Артемка вынул браунинг, но не отдал: увидел, как алчно загорелись Кешкины глаза. Да и вообще ни он, ни Аким не внушали доверия.
— Ну, ну, дай. Поглядим — не слопаем. Штука не съедобная,— проговорил Аким.
Но Артемка все-таки не дал. Кешка досадливо сплюнул:
— Жила! Отродясь таких сквалыг не видывал, — и, длинно промычав «у-у», провел ладонью сверху вниз по Артемкиному лицу.
Они ушли. Однако к вечеру Кешка снова заявился, подозвал Артемку:
— Дело есть... Слушай, продай мне браунинг!

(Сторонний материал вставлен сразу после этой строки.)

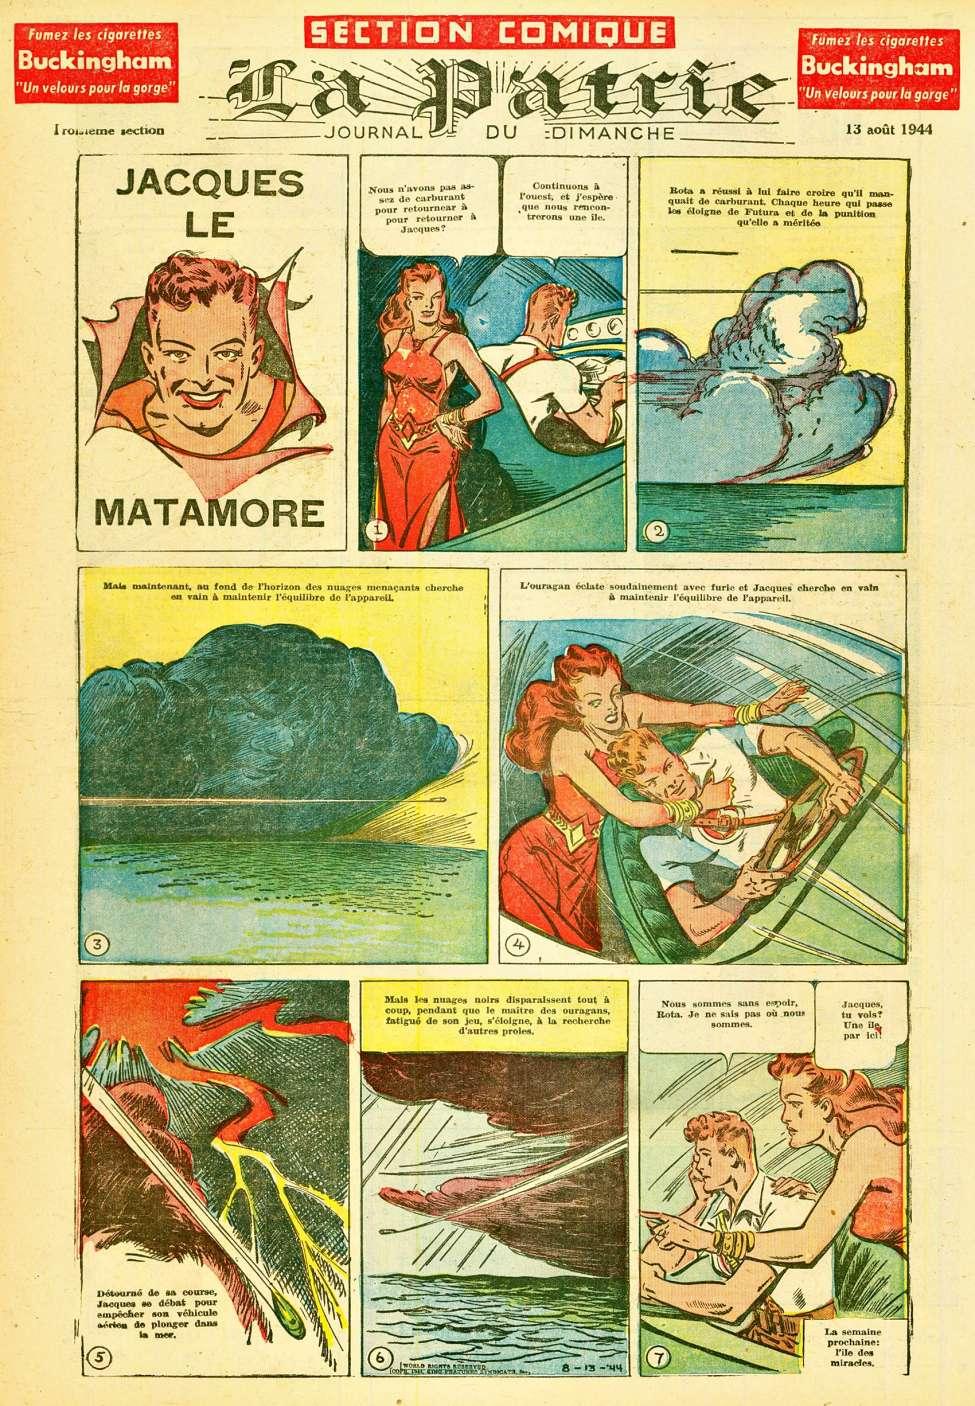 Comic Book Cover For La Patrie - Section Comique (1944-08-13)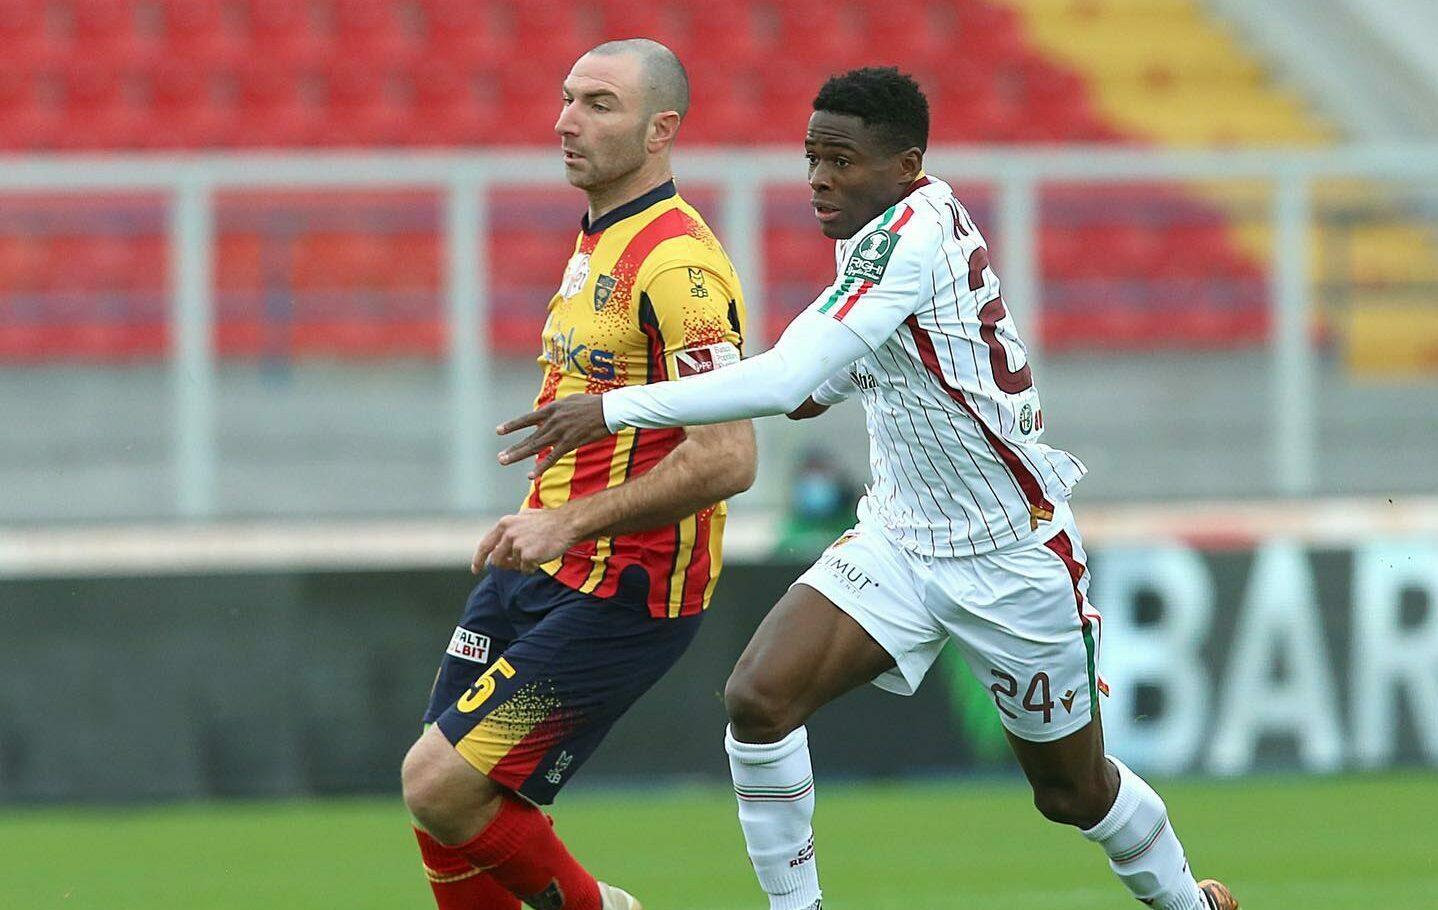 Augustus Kargbo opened his Reggiana account this season

Артемка даже вскричал от негодования:
— Да ты что?!
Кешка заторопился:
— Чего орешь-то? Как следует отвалю. Не поскуплюсь,— и хлопнул рукой по карману.— Мне он во как нут жен! В разведку ходить. А тебе на кой черт? В землянке и так не опасно... Продай.
Артемка от возмущения слов не находил, стоял и смотрел в зеленоватые бегающие Кешкины глаза.
— Ну? Деньги сразу.
— Пошел отсюда,— еле выдавил Артемка и круто повернулся, чтобы войти в землянку. Кешка поймал его за плечо:
— Погоди. Вот что: за браунинг, так и быть, деньги и нож в придачу... Нож с костяной ручкой и в ножнах. Финкой называется. Идет?
Кешка почти налез на Артемку, обдавая лицо смрадным дыханием. Артемка морщился, отступал, а потом закричал:
— Да отстанешь ты или нет? Вот привязался!
Кешка отпрянул:
— Бешеный, что ли? С ним подобру говорят, а он... Не хочешь — не надо. Прощевай.— Отошел шага три, обернулся.— Подумай хорошенько, братва может и за так забрать твой браунинг.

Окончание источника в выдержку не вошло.